Among the entries below, only the lines starting at the one with "Afmetingen: 2400 x 2400 pixels" and ending at the one with "Bestandsgrootte: 346.35 KB", both included, are to be printed exactly.

__Data provided__.
+ + + + +

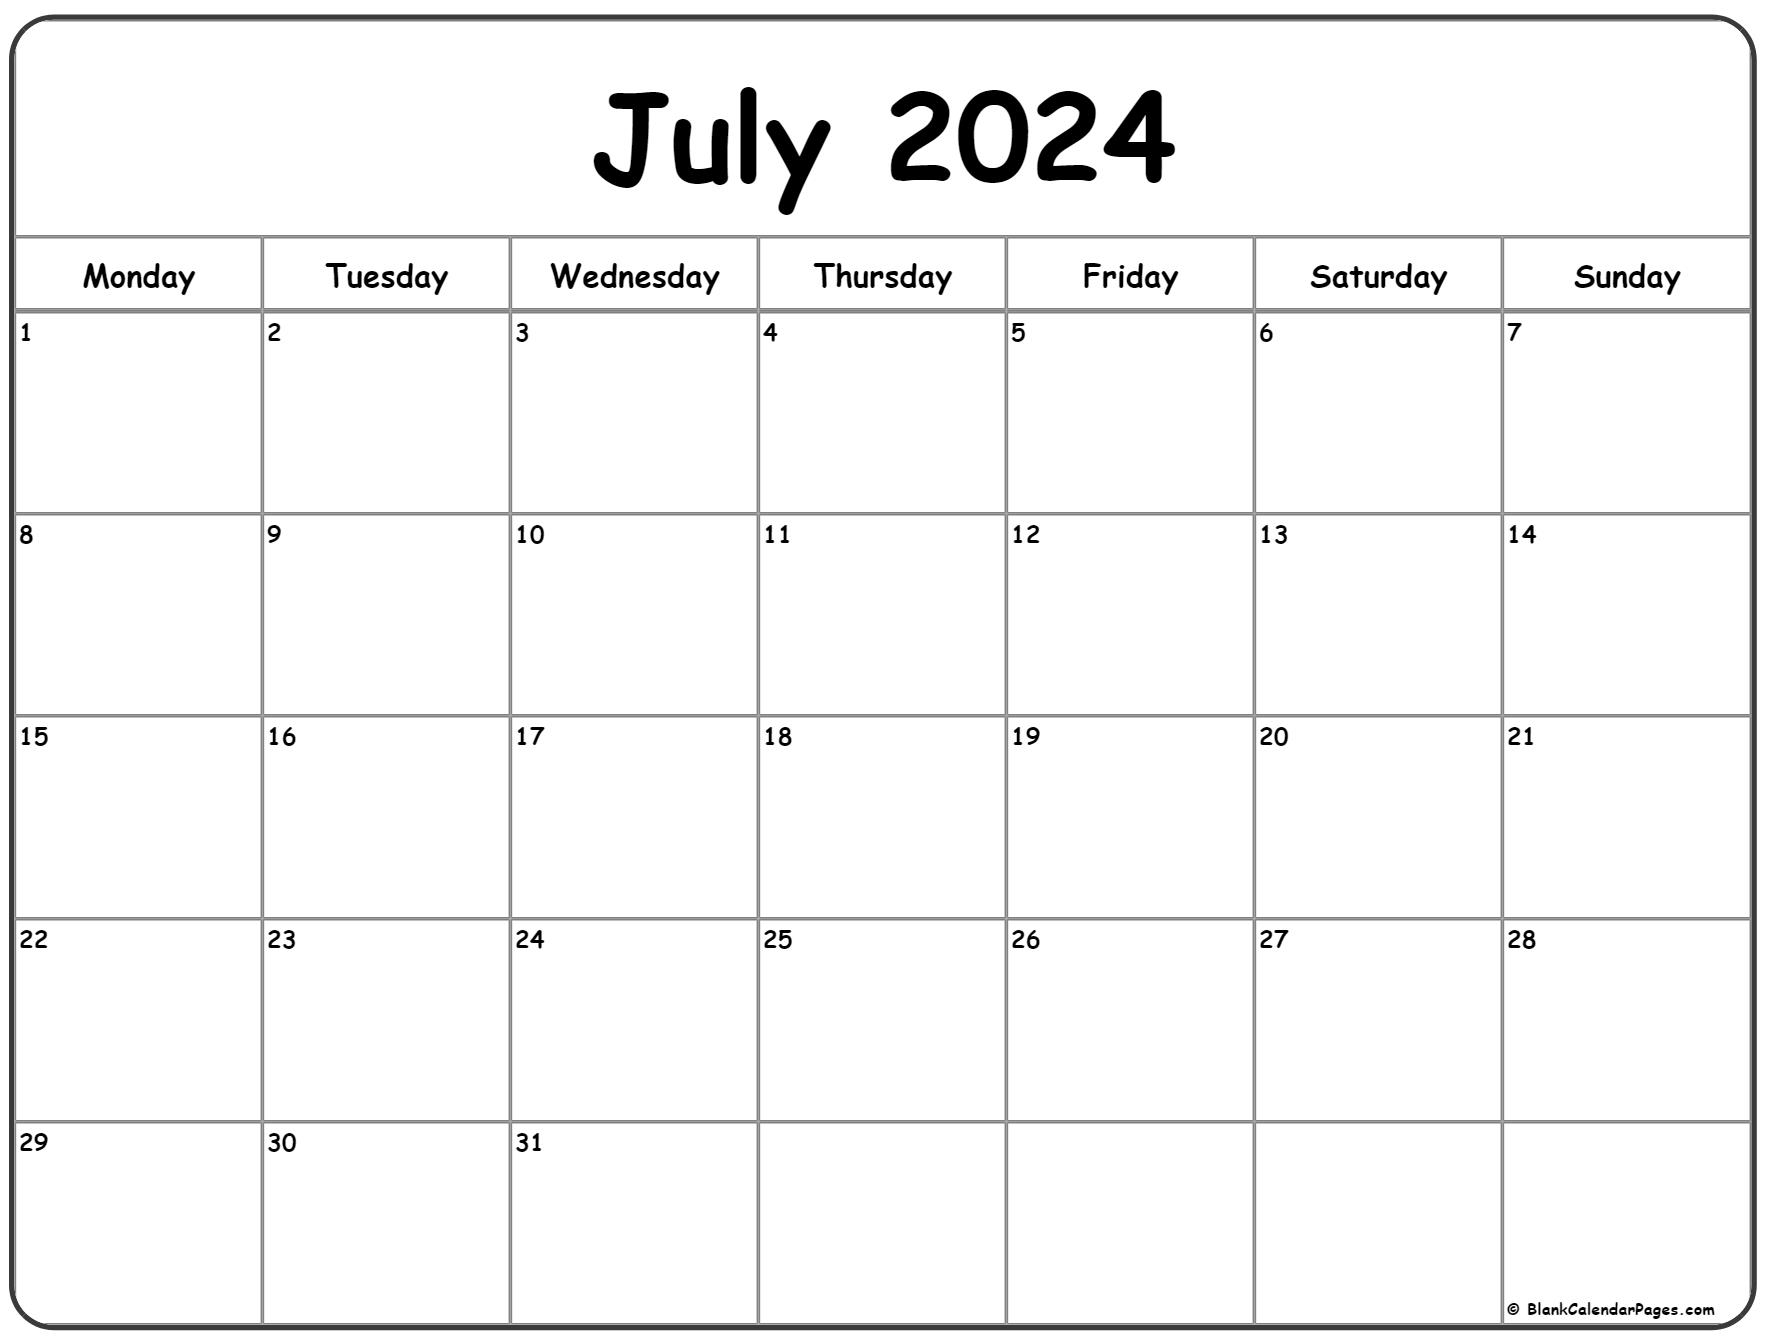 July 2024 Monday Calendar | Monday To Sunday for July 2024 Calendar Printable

+ + + + +

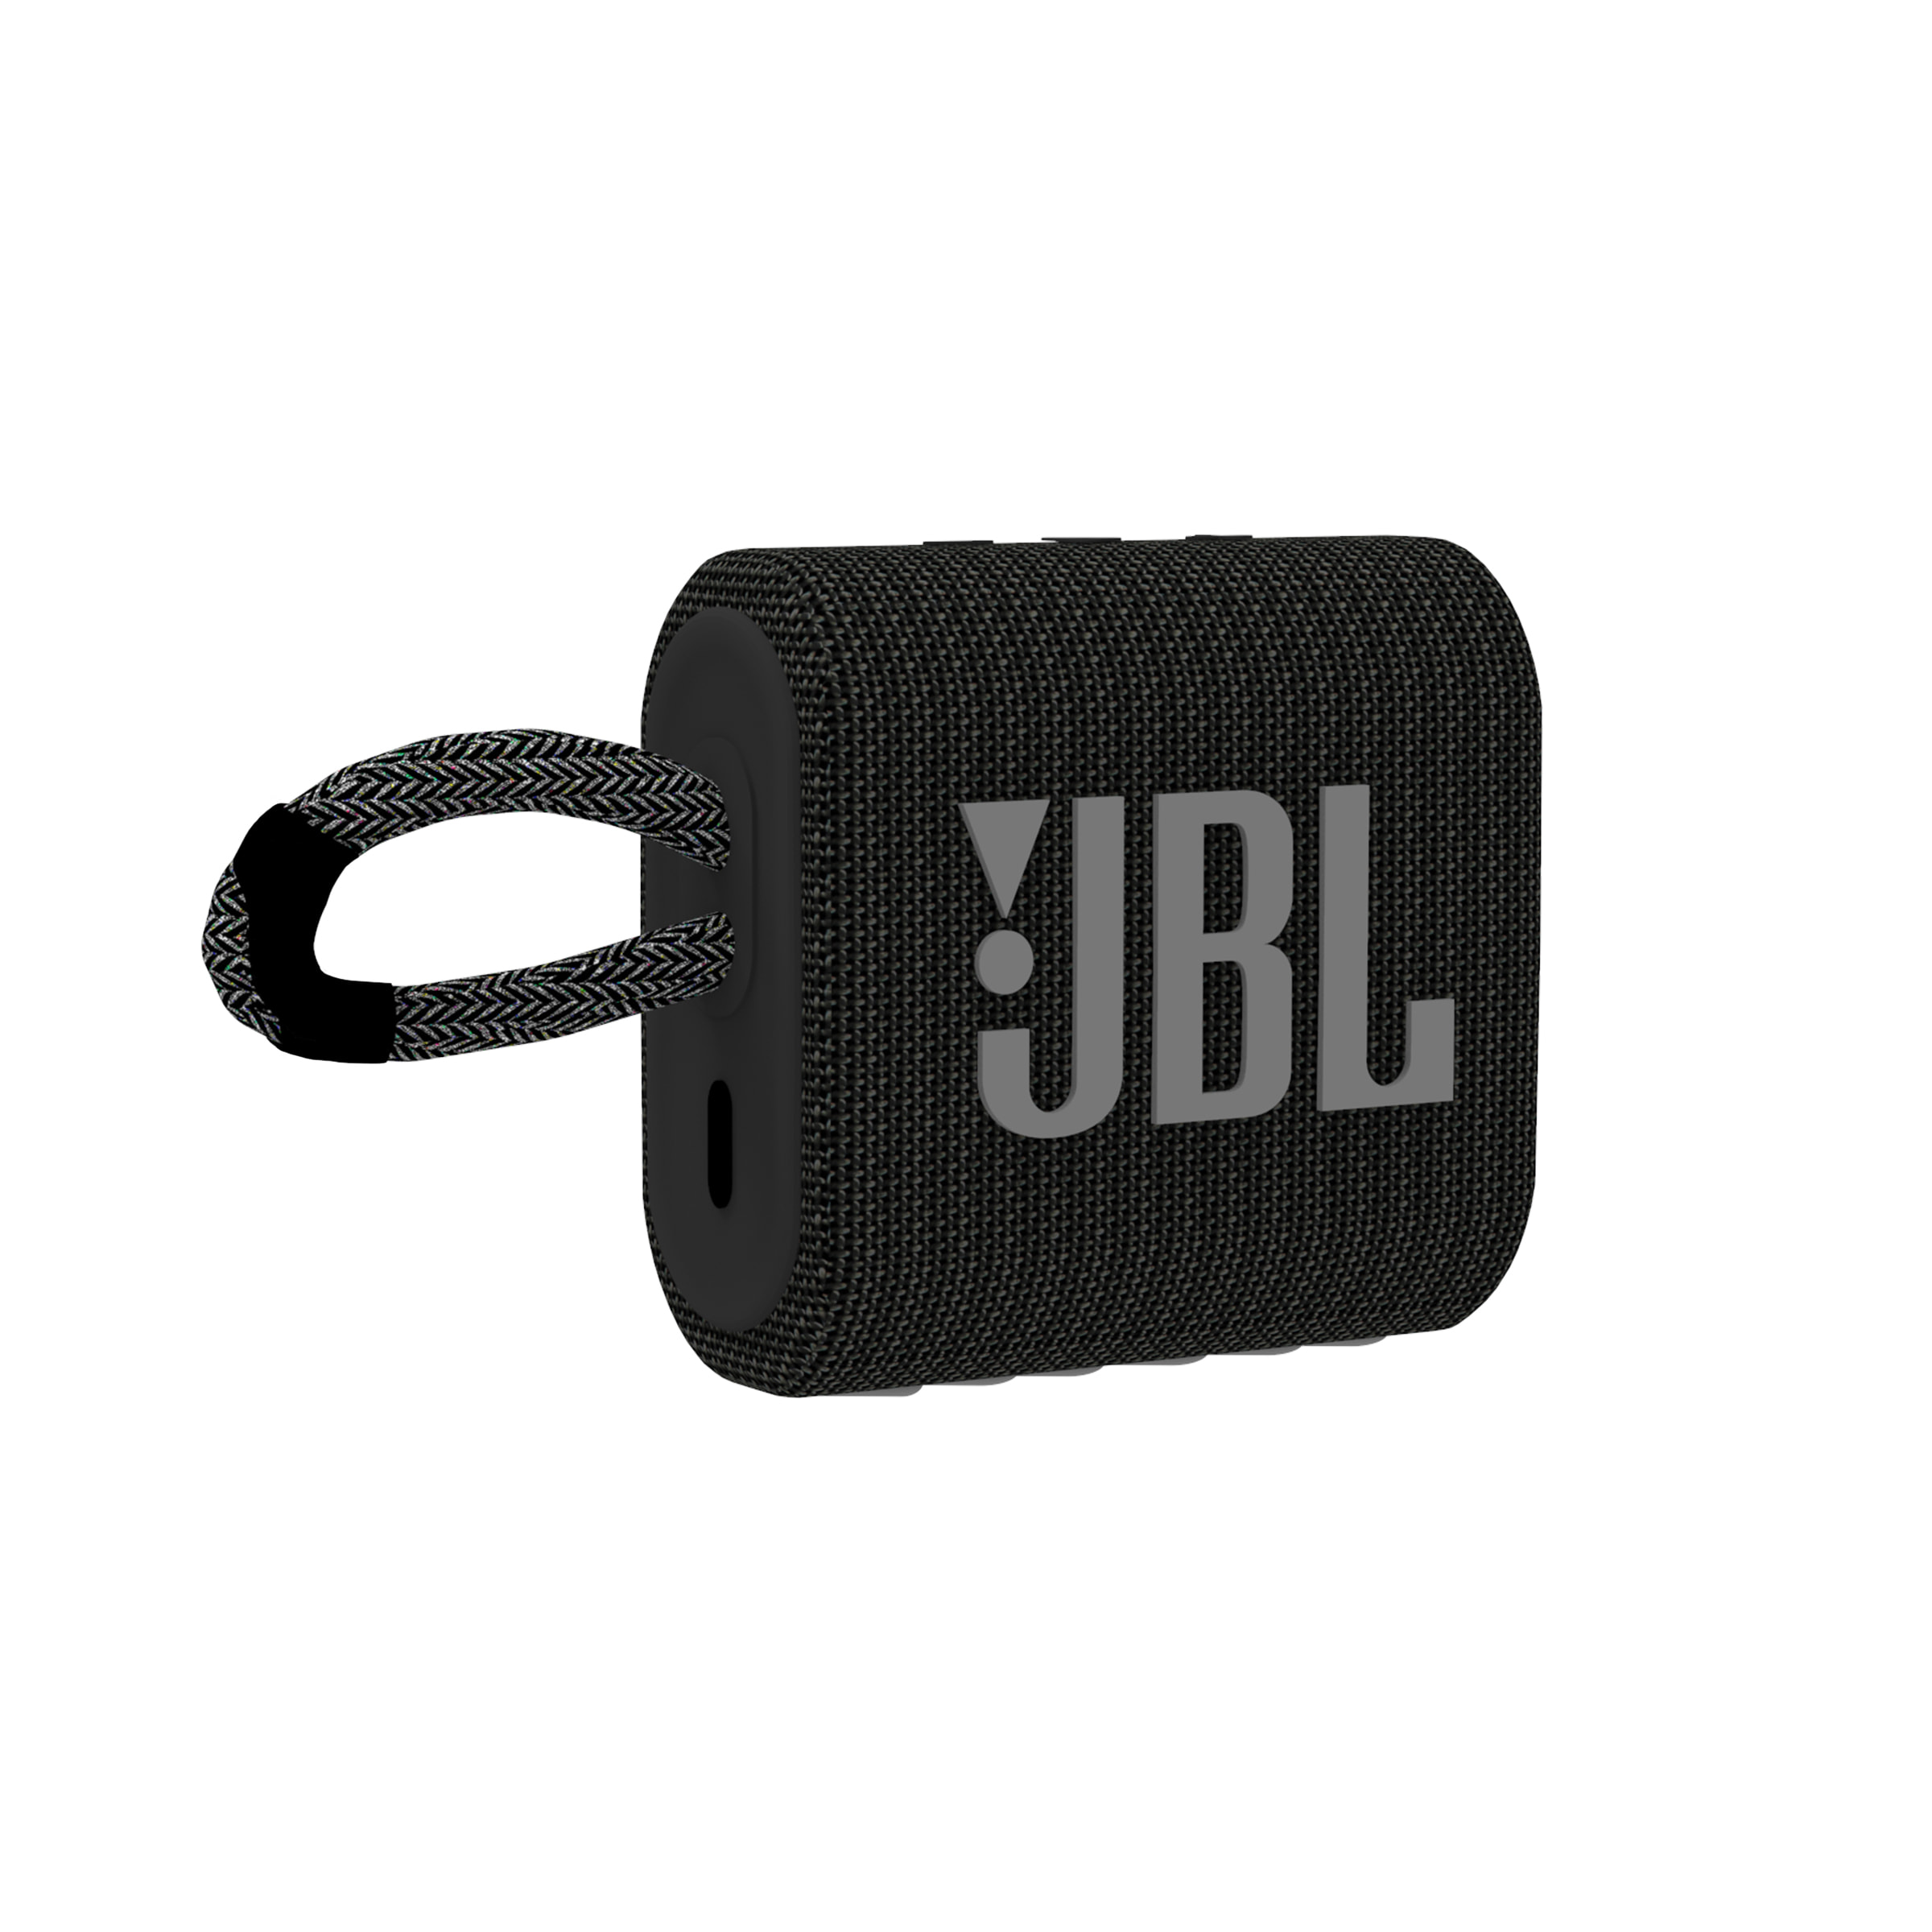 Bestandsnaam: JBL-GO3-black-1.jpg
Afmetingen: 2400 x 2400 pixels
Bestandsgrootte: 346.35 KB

+ + + + +

__Written answer__.
Afmetingen: 2400 x 2400 pixels
Bestandsgrootte: 346.35 KB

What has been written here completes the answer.